Session Zero: Setting Expectations Before You Play

Before a single die rolls, before anyone argues about whether the rogue should have sneak attacked that skeleton, the most consequential conversation at any D&D table is the one that happens before the campaign begins. Session Zero is that conversation — a dedicated pre-game meeting where players and the Dungeon Master establish shared expectations, build characters collaboratively, and agree on the kind of story everyone is gathering to tell.

Definition and scope

Session Zero is a structured pre-campaign session with no combat, no plot, and no experience points. Its entire purpose is alignment — the social kind, not the lawful-good kind. The term is used broadly in the tabletop roleplaying community to describe any deliberate pre-play meeting where a group negotiates the parameters of their game before committing to them.

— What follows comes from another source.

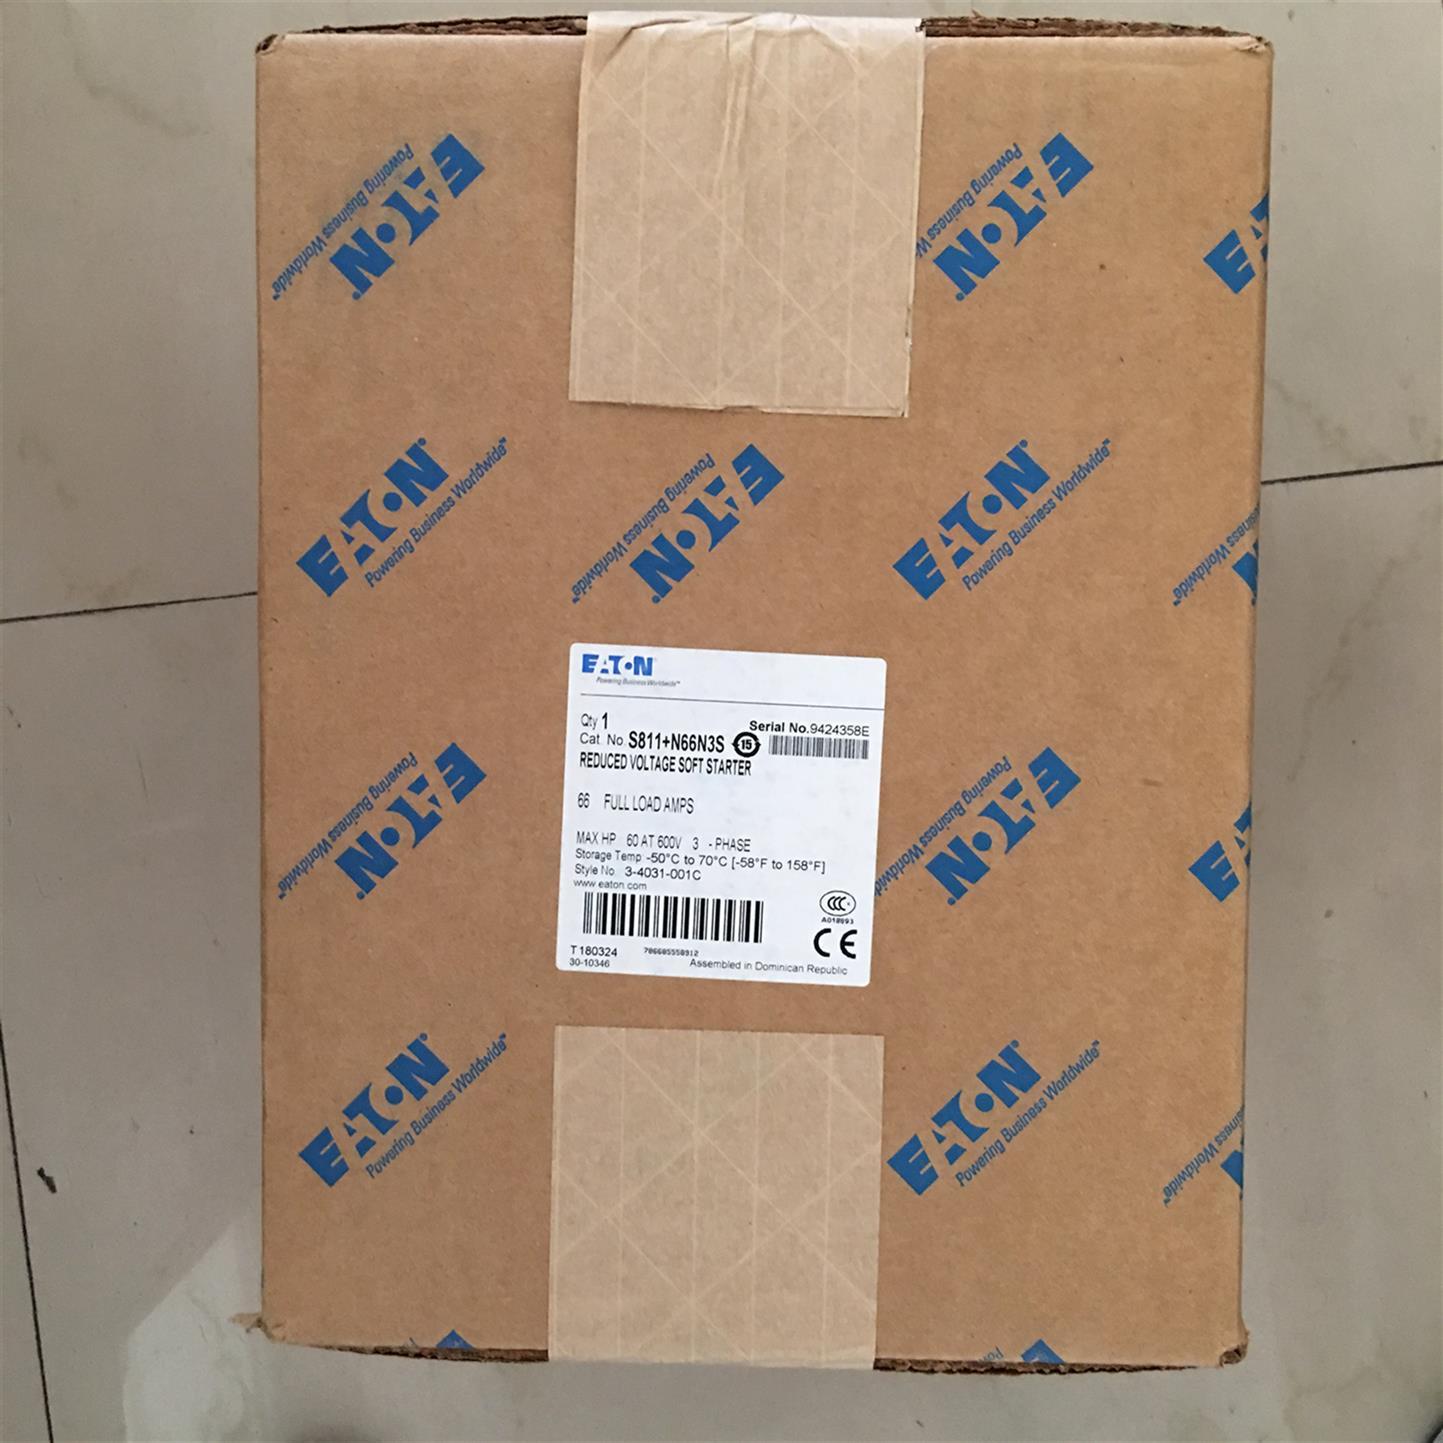 广州EML23EATON伊顿穆勒S801系列软启动器

The scope of a Session Zero can range from a 90-minute coffee shop conversation to a full four-hour online meeting with shared documents. What makes it a Session Zero rather than just "chatting about D&D" is intentionality: there is an agenda, specific topics get addressed, and the group leaves with actual decisions made. The Dungeon Master's Guide (Wizards of the Coast, 5th Edition) explicitly recommends this kind of pre-campaign discussion as a foundational step, particularly for groups incorporating complex themes or new players.

Session Zero applies equally to online and in-person play, though the logistics differ. A remote group might use a shared Google Doc or a dedicated Discord channel to capture agreements in writing — a small extra step that pays dividends six sessions in when someone genuinely cannot remember whether the table agreed to allow character death by vote.

How it works

A functional Session Zero moves through roughly four topic areas, not necessarily in this order, but all requiring deliberate attention:

  1. Campaign tone and themes — Is this a gritty, morally grey political thriller? A swashbuckling heist romp? High fantasy with talking badgers? The DM presents the campaign's intended feel, and players flag whether it matches what they want out of the next six to eighteen months of their lives.

  2. Content boundaries and safety tools — The group identifies what content is off the table entirely, what requires a check-in, and what safety mechanics will be in use. Tools like the X-Card (developed by John Stavropoulos) or the Lines and Veils framework give everyone a low-friction way to steer away from content that isn't working for them in the moment. This topic gets its own dedicated coverage in safety tools and table etiquette, but skipping it in Session Zero is among the most common reasons campaigns implode at session eight.

  3. Character creation and party composition — Players build or at least sketch their characters together, cross-referencing backstory connections and checking whether the party composition makes mechanical sense for the campaign type. A group running 5 Charisma-dump-stat characters into a political intrigue campaign is setting up a very specific kind of suffering.

  4. Table logistics — Start and end times, food policy, phone etiquette, how often the group will meet. These feel mundane until someone shows up forty minutes late for the fifth consecutive session.

Common scenarios

Session Zero looks different depending on the group's context, and those differences matter.

New players joining an experienced table. Here, Session Zero functions almost as an orientation. The DM walks new players through the basics covered in character creation and the rules that will come up constantly — things like saving throws and skill checks. Experienced players often speed through this, but slowing down prevents a new player from spending three sessions confused about opportunity attacks.

Experienced group starting a new campaign. The focus shifts almost entirely to tone, themes, and character backstory integration. A group of five veterans who have played together for years still needs to agree that this campaign is a dark horror game where resurrection magic is extremely rare — because that changes every decision a player makes about their character from session 1.

Convention or one-shot play. Session Zero compresses into 10 to 15 minutes at the table start. The DM states the tone, runs a quick check on content comfort, and confirms any house rules. Brief, but still essential.

Decision boundaries

The most productive Session Zero conversations are the ones that produce actual, written agreements rather than vague mutual nods. Three areas are worth drawing clear lines around:

House rules versus core rules. The group should agree on which homebrew rules and content will be in play and which sections of the core rules will be followed as written. Ambiguity here generates more mid-combat arguments than any other single factor.

Player agency versus DM authority. Even at a collaborative table, someone makes the final call on rulings. Establishing that boundary beforehand — ideally landing on something like "DM rules in the moment, group discusses after session if needed" — prevents the kind of mid-session procedural debate that drains energy from everyone at the table.

Character death and failure states. Does this campaign feature permanent character death? Is resurrection freely available? Can a session end in total party defeat and a campaign reset? These aren't hypothetical questions. Every dungeon master has watched a player emotional spiral at the death of a beloved character because the table never agreed on whether that was even on the table.

Session Zero is where the game's social contract gets written. Everything else — the dice, the monsters, the character classes, the whole architecture of D&D reachable from the homepage — runs on top of that foundation. The session itself might not feel like playing. That's the point. It's the work that makes the play worth having.